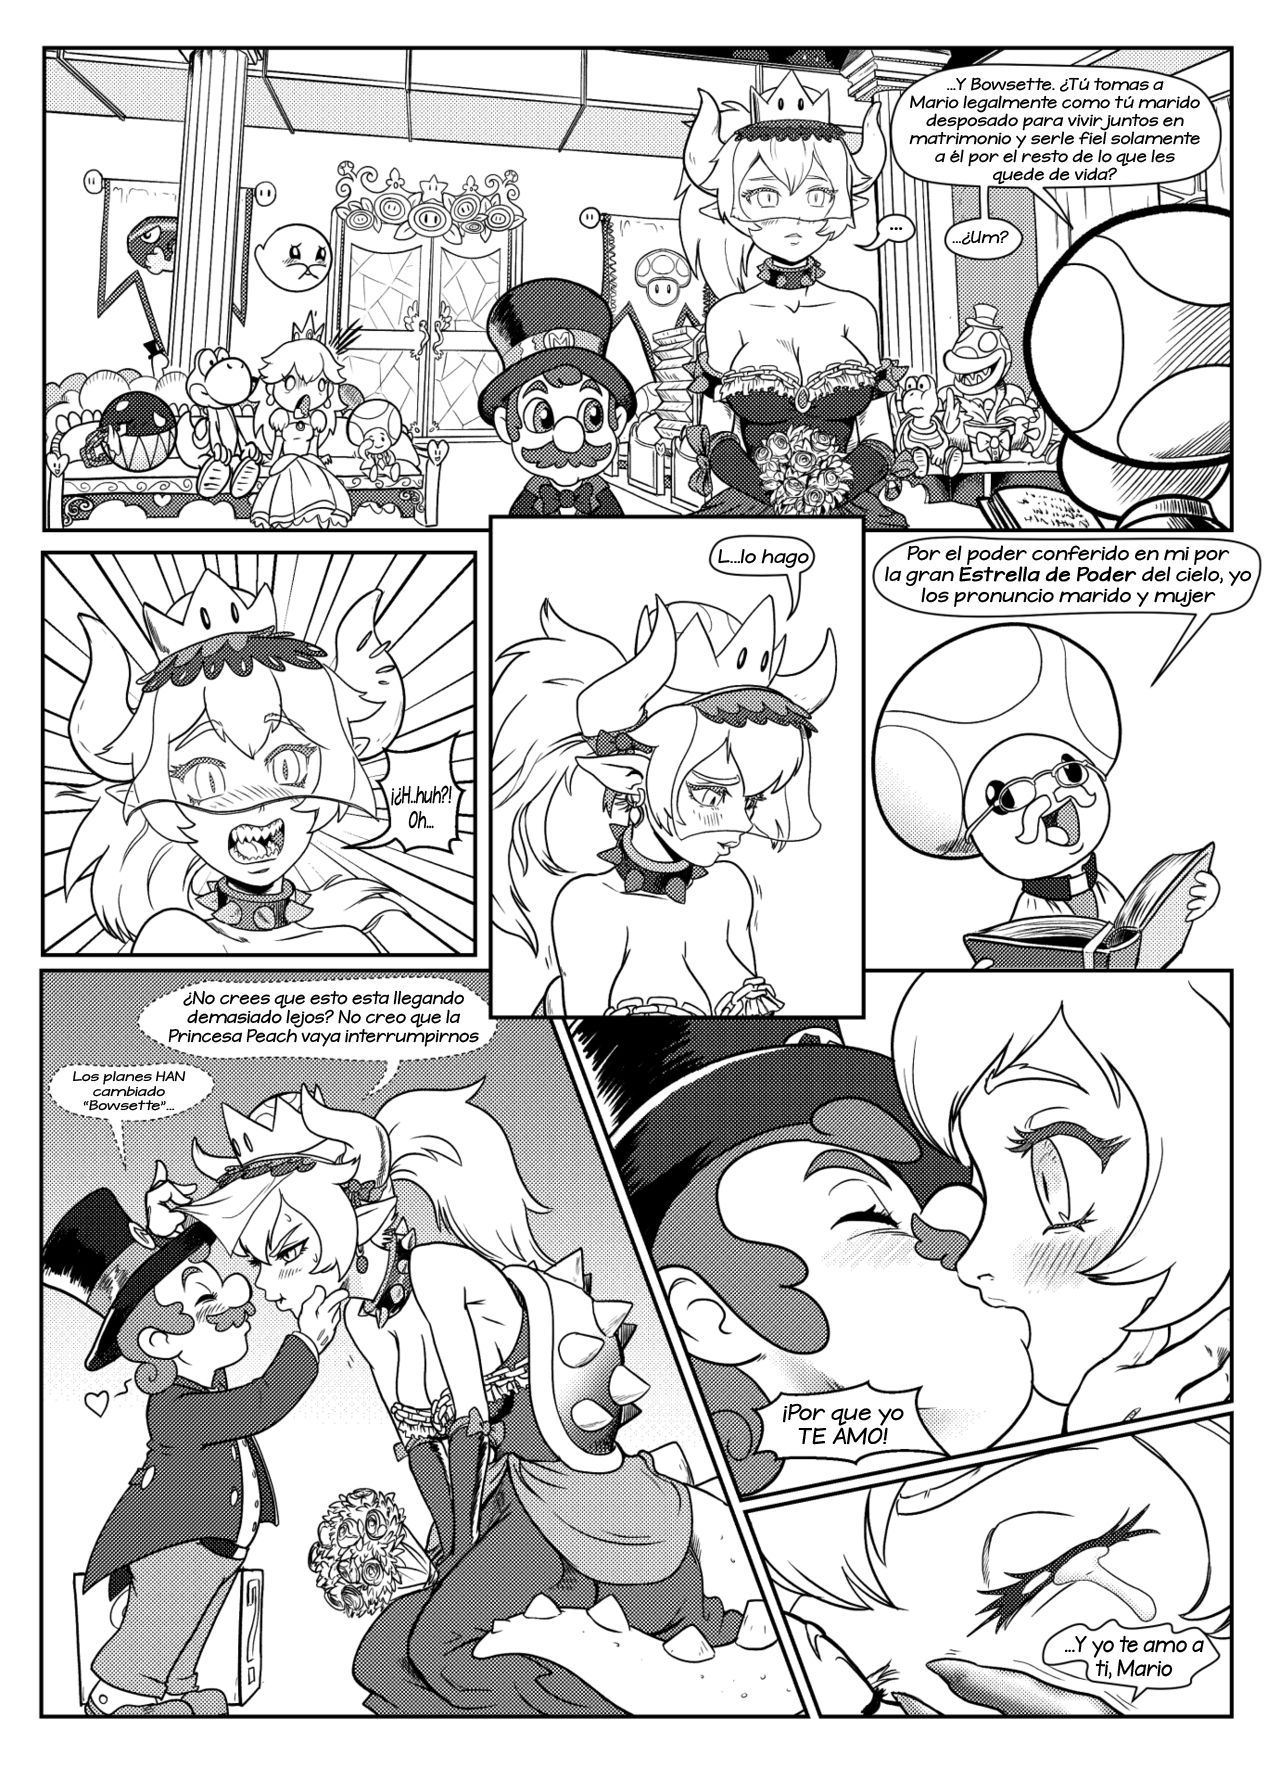 [Pencils] Bowsette Saga Vol.1 Y Vol.2 Completos - Vol.3 En Progreso (Mario Bros.) [Spanish] by Arkoniusx 3
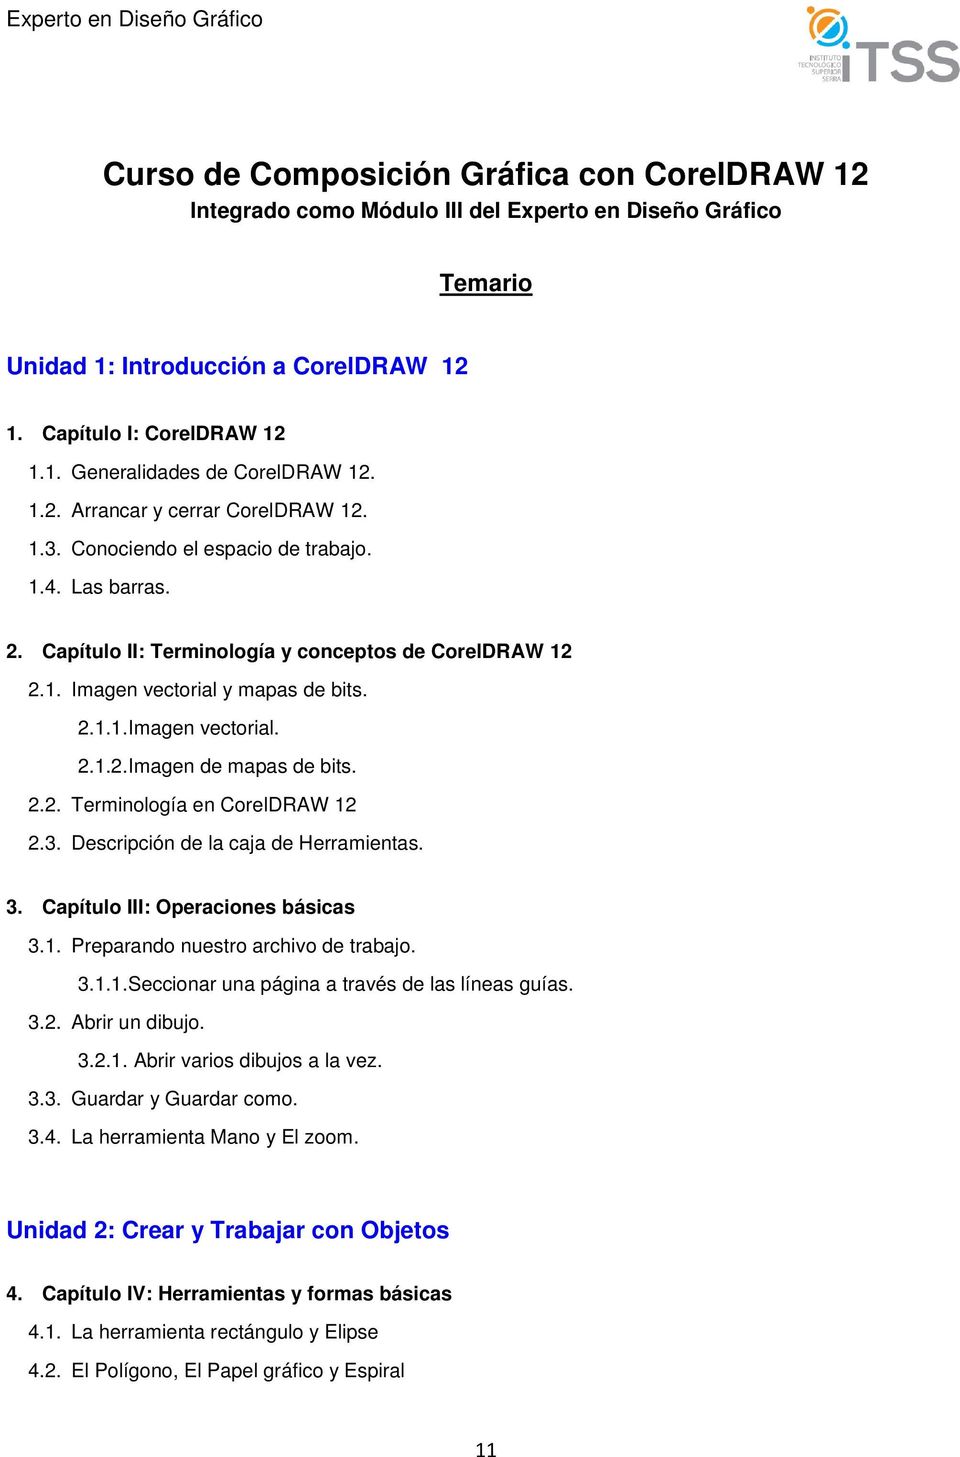 2.2. Terminología en CorelDRAW 12 2.3. Descripción de la caja de Herramientas. 3. Capítulo III: Operaciones básicas 3.1. Preparando nuestro archivo de trabajo. 3.1.1. Seccionar una página a través de las líneas guías.
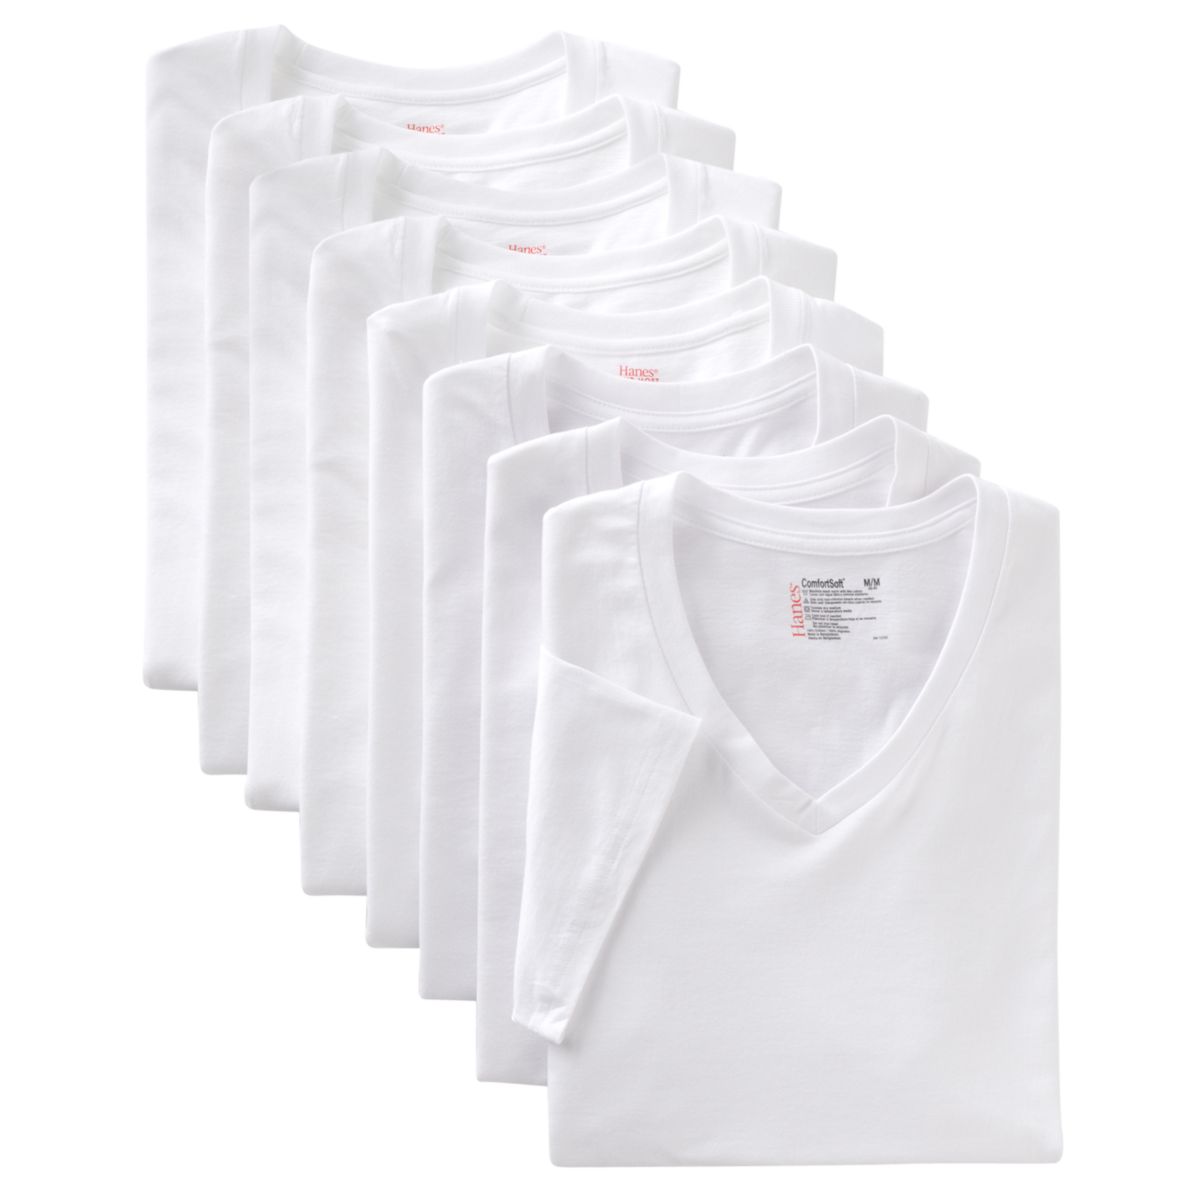 Мужские футболки Hanes® Classics из 6 шт. + 2 бонусных футболки ComfortSoft с V-образным вырезом Hanes
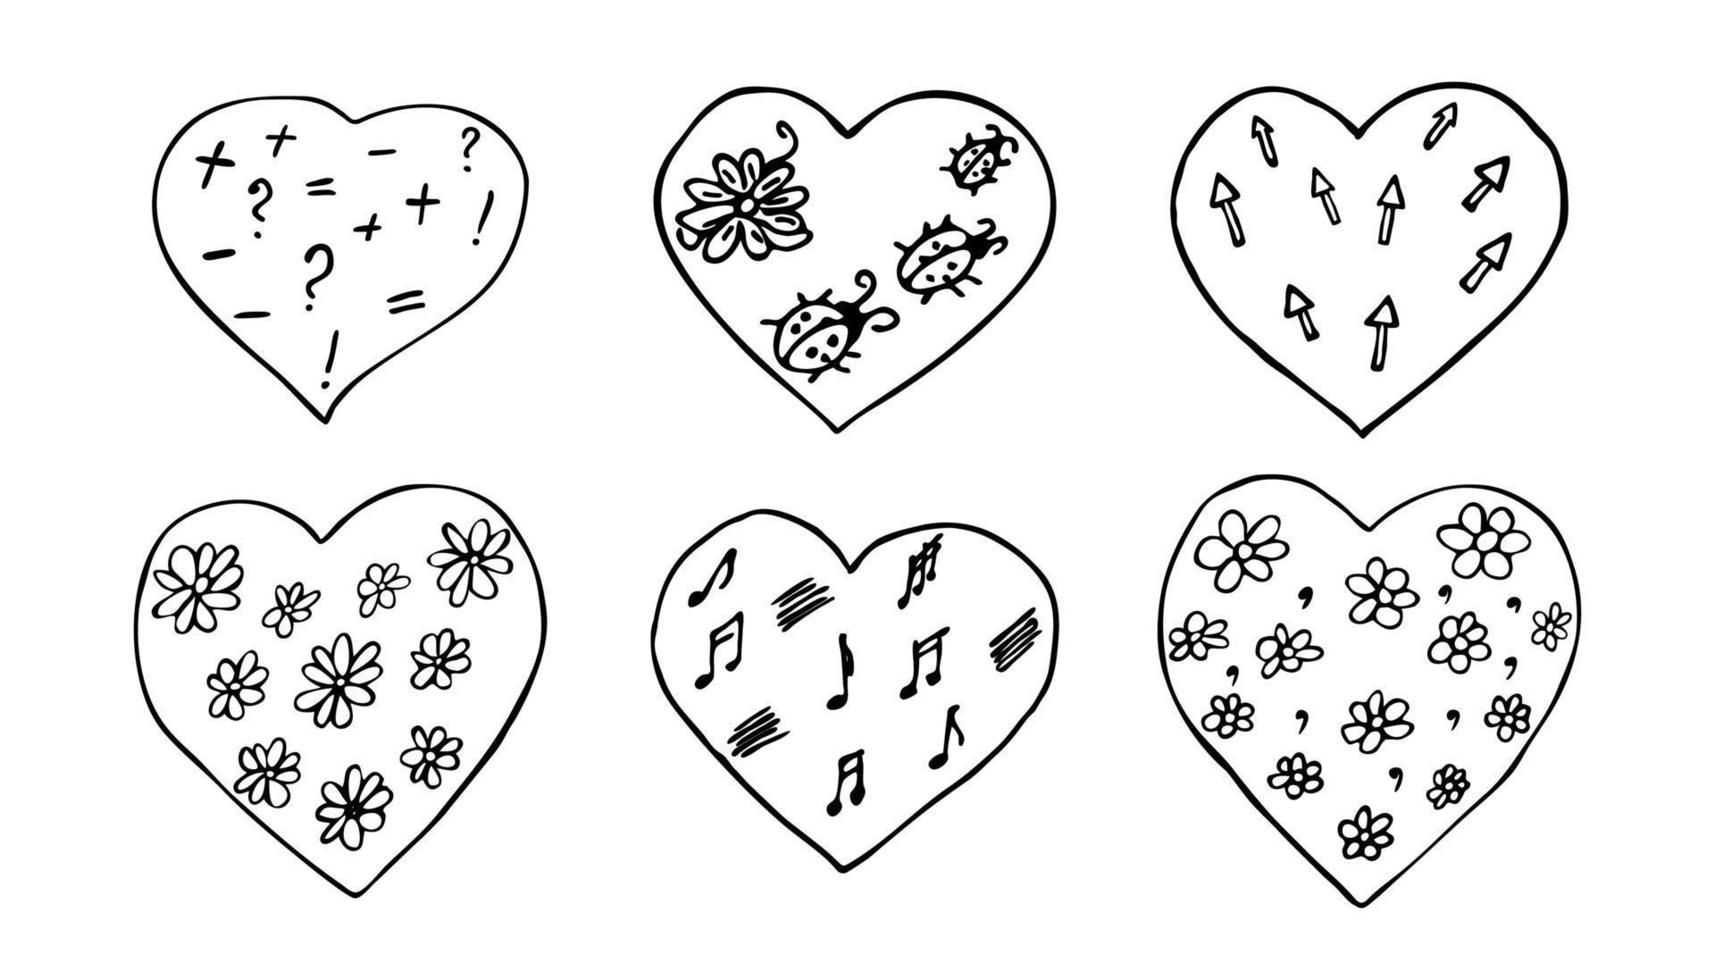 Vektor-Doodle-Herzen zum Ausmalen. handgezeichnete sechs herzformen mit blumen und dekorativen elementen. vektor
# # # # #
# WHAT IS REQUIRED:
Would you reproduce each line of the material exactly, omitting the images?

# RESULT:
 [Pencils] Bowsette Saga Vol.1 Y Vol.2 Completos - Vol.3 En Progreso (Mario Bros.) [Spanish] by Arkoniusx 3
 2.2. Terminología en CorelDRAW 12 2.3. Descripción de la caja de Herramientas. 3. Capítulo III: Operaciones básicas 3.1. Preparando nuestro archivo de trabajo. 3.1.1. Seccionar una página a través de las líneas guías.
 Мужские футболки Hanes® Classics из 6 шт. + 2 бонусных футболки ComfortSoft с V-образным вырезом Hanes
 Vektor-Doodle-Herzen zum Ausmalen. handgezeichnete sechs herzformen mit blumen und dekorativen elementen. vektor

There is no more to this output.